A simplified procedure for analyzing offshore wind turbines with suction and traditional piles under soil liquefaction

This article investigates the structural analysis and design of offshore wind turbine (OWT) support structures using both traditional and suction piles under soil liquefaction. A finite element model centered on a single suction pile was first generated to evaluate depth-dependent excess pore water pressure (EPWP) ratios near and away from the pile under liquefaction conditions. Findings reveal that suction piles exhibit substantial internal resistance to soil liquefaction, as shown by lower EPWP ratios inside the pile, which enhances soil stability and shear capacity.

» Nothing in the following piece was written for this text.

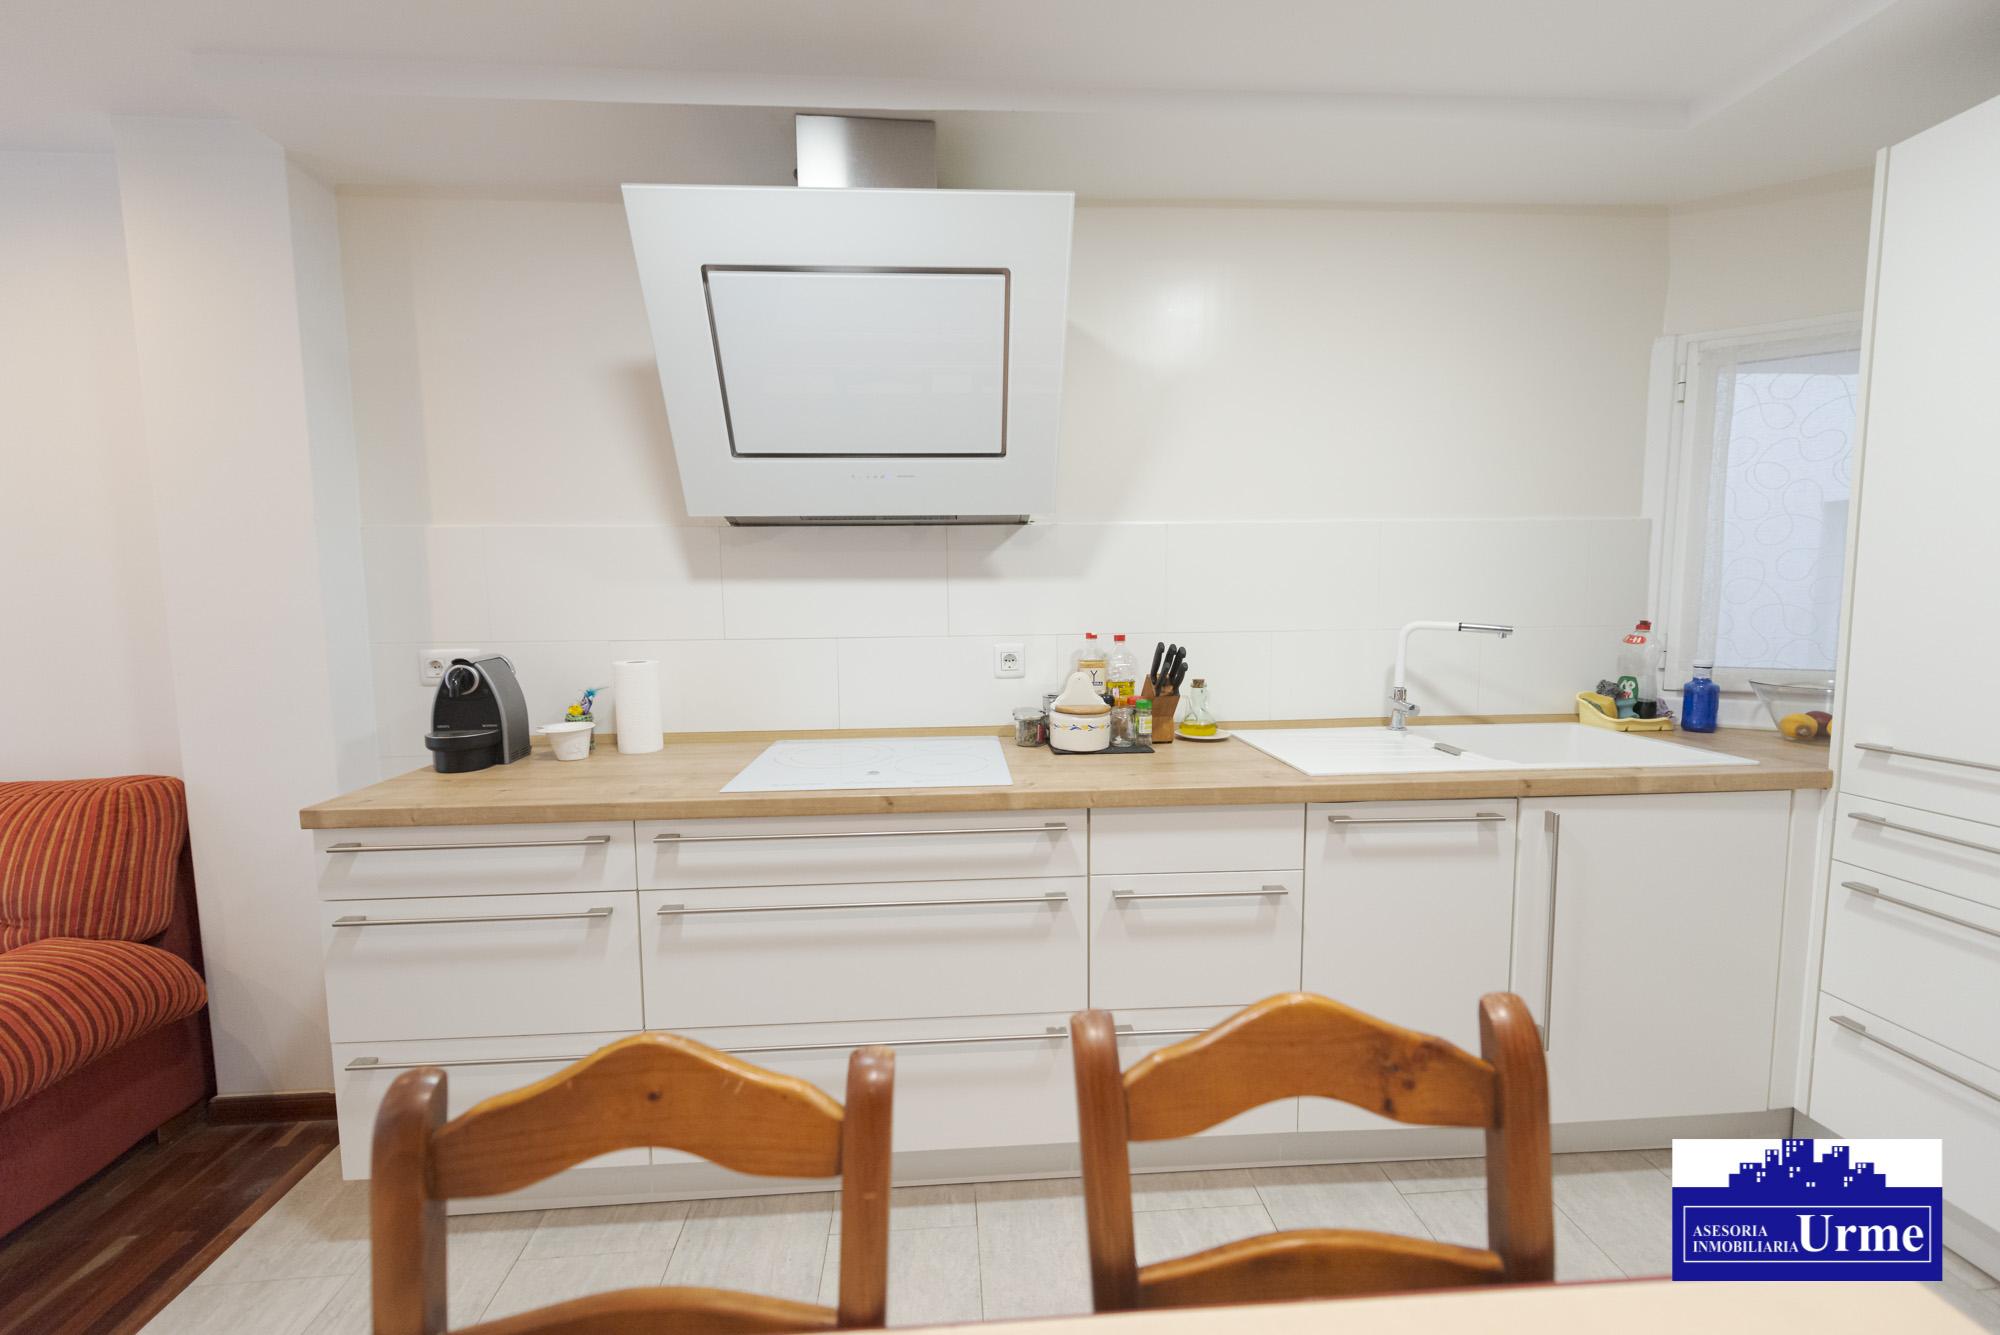 En Urdanibia,en el corazon de Irun,vivienda para entrar a vivir! 3 habitaciones, gran salon,cocina abierta tupi americana,baño completo+ aseo! Informate

This resistance diminishes with distance from the pile, highlighting the stabilizing role of confined soil and water within the pile. Using depth-dependent EPWP ratios, the study establishes envelope curves for suction and traditional piles to adjust soil spring stiffness during liquefaction, aiding in structural analyses under diverse design load cases (DLCs) for OWT support structures. Results indicate that liquefaction-related conditions are not the primary factor influencing steel usage; rather, non-liquefaction DLCs govern design demands. Additionally, suction piles often require more steel than traditional piles due to installation pressures, though they remain competitive in deep waters. Settlement and tilting issues, particularly in liquefiable soils, underscore the need for careful design of suction piles on sandy seabeds.